BTW, Diane has decided to make soufflés part of her repertoire which makes this a combo we will repeat more often. Lucky me.
Best, jim
 
originally posted by Florida Jim:
originally posted by Jeff Grossman:
Mmm... cheese and chablis.
And especially Preuses - where the emphasis is on richness and intensity.
BTW, Diane has decided to make soufflés part of her repertoire which makes this a combo we will repeat more often. Lucky me.
Indeed. I'll observe that Preuses costs a good deal more than eggs, cheese, and flour.
 
originally posted by Jeff Grossman:
originally posted by Florida Jim:
originally posted by Jeff Grossman:
Mmm... cheese and chablis.
And especially Preuses - where the emphasis is on richness and intensity.
BTW, Diane has decided to make soufflés part of her repertoire which makes this a combo we will repeat more often. Lucky me.
Indeed. I'll observe that Preuses costs a good deal more than eggs, cheese, and flour.

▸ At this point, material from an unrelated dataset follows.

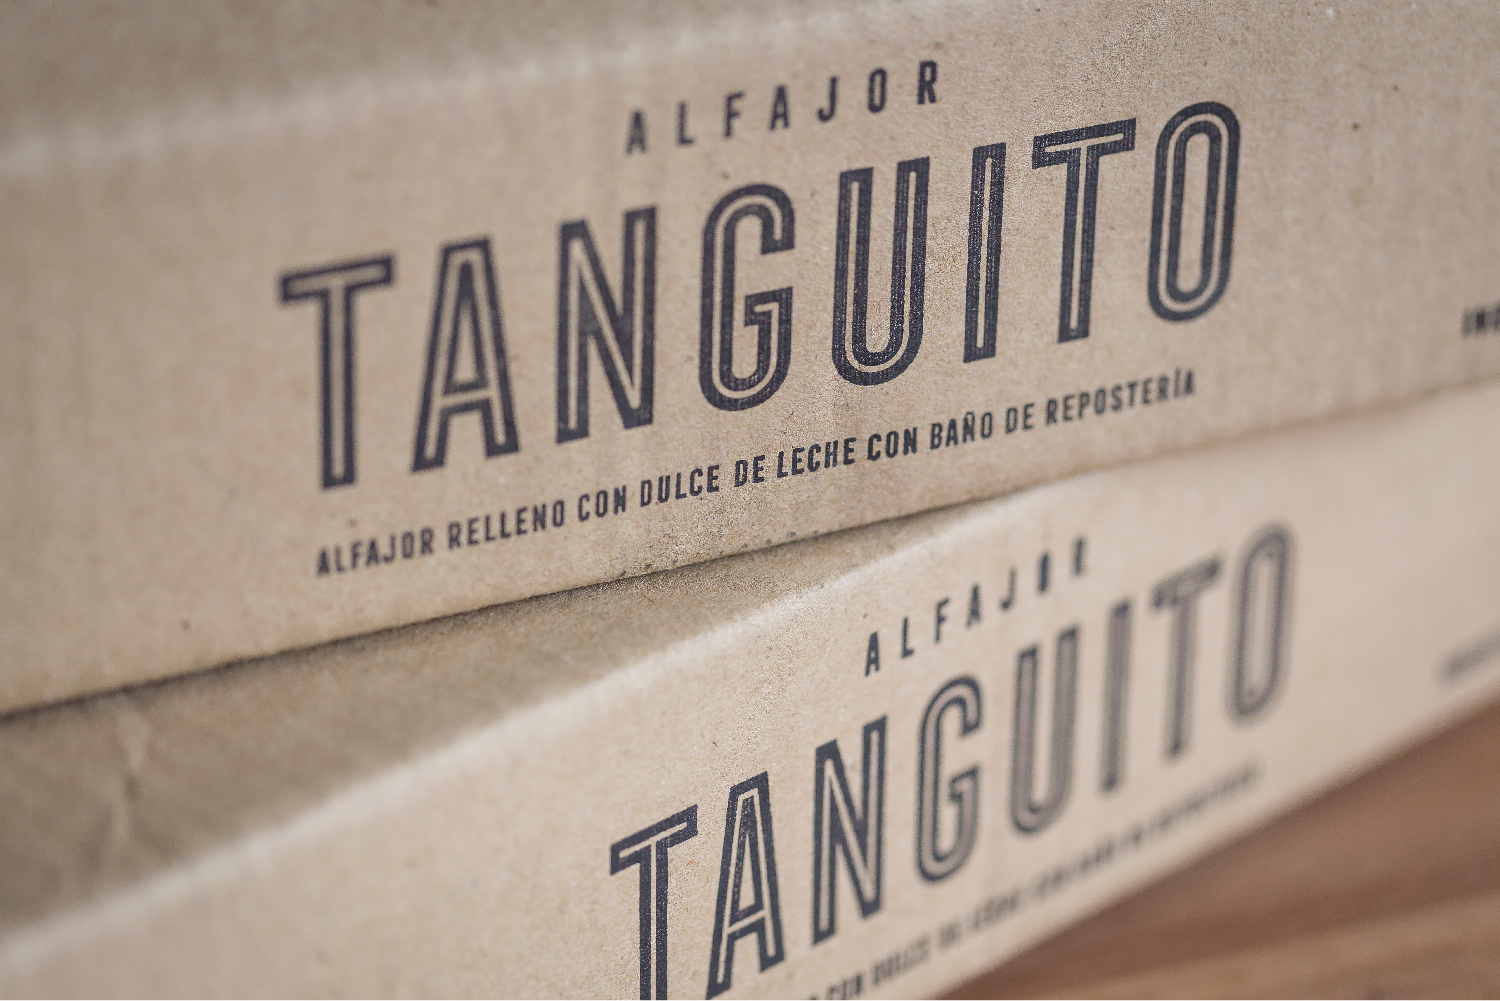 Alfajor Tanguito Box

I have some, so for you, bubbeleh, I’ll make you a deal.
 
originally posted by Jayson Cohen:
originally posted by Jeff Grossman:
originally posted by Florida Jim:
originally posted by Jeff Grossman:
Mmm... cheese and chablis.
And especially Preuses - where the emphasis is on richness and intensity.
BTW, Diane has decided to make soufflés part of her repertoire which makes this a combo we will repeat more often. Lucky me.
Indeed. I'll observe that Preuses costs a good deal more than eggs, cheese, and flour.

I have some, so for you, bubbeleh, I’ll make you a deal.
What a pitch. (I love Chablis.)
 
that Preuses is great wine. I went through a case of it and of Les Clos from that vintage and each Preuses was better than any of Les Clos.
 
originally posted by Tristan Welles:
that Preuses is great wine. I went through a case of it and of Les Clos from that vintage and each Preuses was better than any of Les Clos.

Rene Dauvissat’s Les Preuses, from the ‘85 vintage, was the wine that got me hooked on Chablis.